Western Blotting assay
NIH 3T3 cells (106) that had been transfected with pcDNA3.1(+)/ HPV16 ofE6E7, pcDNA3.1(+)/ HPV16 omfE6E7 and pcDNA3.1 empty vector were digested with buffer which contained 62.5 mmol/L Tris-HCl, pH 6.8, 2% SDS, 5% 2-mercaptoethanol, 10% glycerol. The cell lysis samples were spun at 13 000 r/min for 5 min, the supernatants were then collected and loaded onto the 10% SDS-poly-acrylamide gel electrophoresis (SDS-PAGE). Protein on the gels was electro-transferred onto nitrocellulose membranes, and blocked with blocking buffer containing 5% of non-fat milk, the membrane was then incubated with primary antibodies against HPV16 E6 (polyclonal antibody of goat anti-HPV16 E6, Santa Cruz) at room temperature for two hours. After washing three times in PBS, 10 min each wash, the membrane was incubated with anti-goat Ig horseradish peroxidase linked secondary antibody (GE Healthcare Bio-Science, USA) at room temperature for one hour, and washed three times in PBS, 10 min each wash. The protein bands were then developed using an enhanced chemiluminescence (ECL) kit according to the manufacturer's specifi-cations (GE Healthcare Bio-Sciences), and visualized using the Gene-Genius Imaging System (Syngene, Frederick, MD, USA). The densities of the Western Blot bands were evaluated using the ImageJ Image Analysis Software.

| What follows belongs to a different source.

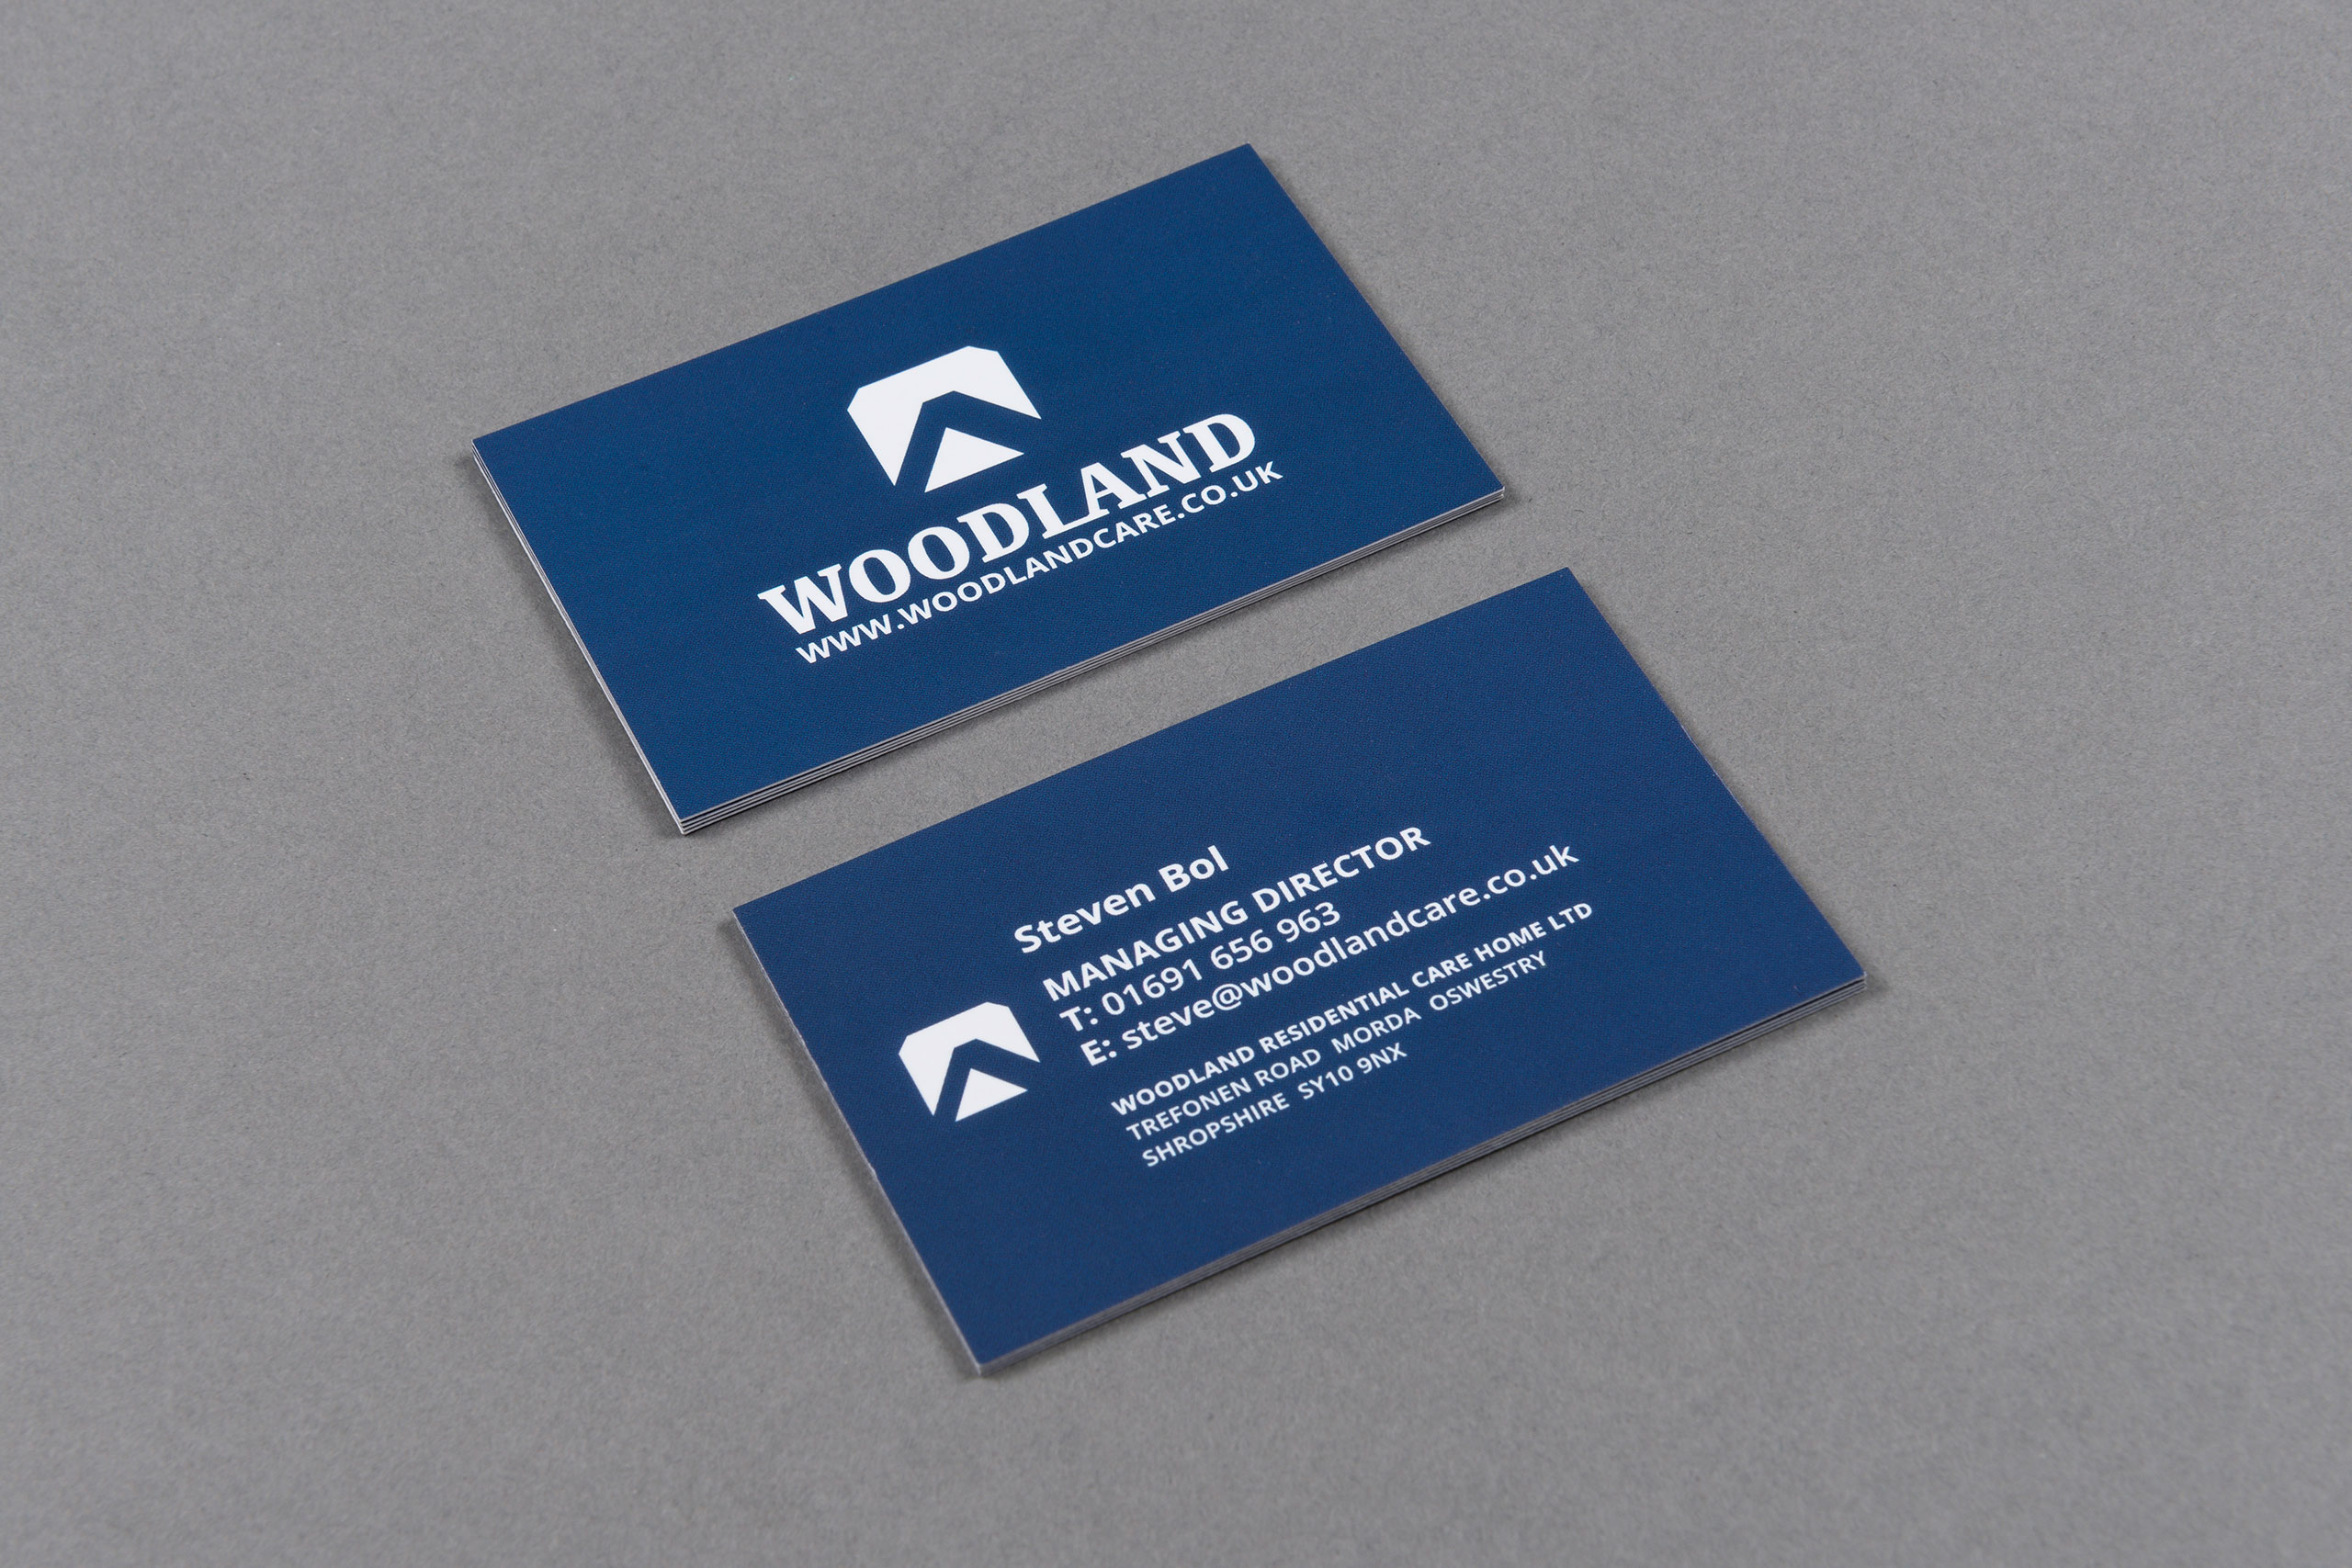 Woodland Care

Indentification of transforming activity
Colony formation assay
Colony formation assay was determined as described previously[1], with some modifications. Briefly, the NIH3T3 cell lines (1×103) expressing HPV16 ofE6E7 or HPV16 omfE6E7 were suspended in DMEM medium containing 10% FCS and 0.3% agarose and subsequently overlayed onto a solidified layer of DMED medium containing 10% FCS and 0.5% agarose. Cells were cultured for 21 days and cellular foci were photographed. The colonies were counted under a dissecting microscope. Five represen-tative images from each group were used to quantify foci area from three separate experiments. NIH 3T3 cells and vector-transfected NIH 3T3 cell lines were used as negative control, and the TC-1 cell line was used as the positive control.
Tumorigenesis assay and histologic analysis
NIH3T3 cell lines stably expressing HPV16 ofE6E7 or HPV16 omfE6E7 were used in a tumorigenesis assay. Cells were trypsinized, washed twice with PBS, resuspended at 5×107 cells per mL in PBS, and 0.1 mL of cell suspension was injected subcutaneously into NOD/SCID mice (8 mice in each group). All animals were monitored once a week for tumor formation. NIH 3T3 cells and vector-transfected NIH 3T3 cell lines were used as the negative controls, and the TC-1 cell line was used as the positive control.
The animals were sacrificed after xenograft tumor establishment, 5μm paraffin sections of xenograft tumors were stained with hematoxylin and eosin (H & E), three representative images from each section were obtained by light microscopic analysis after H & E staining.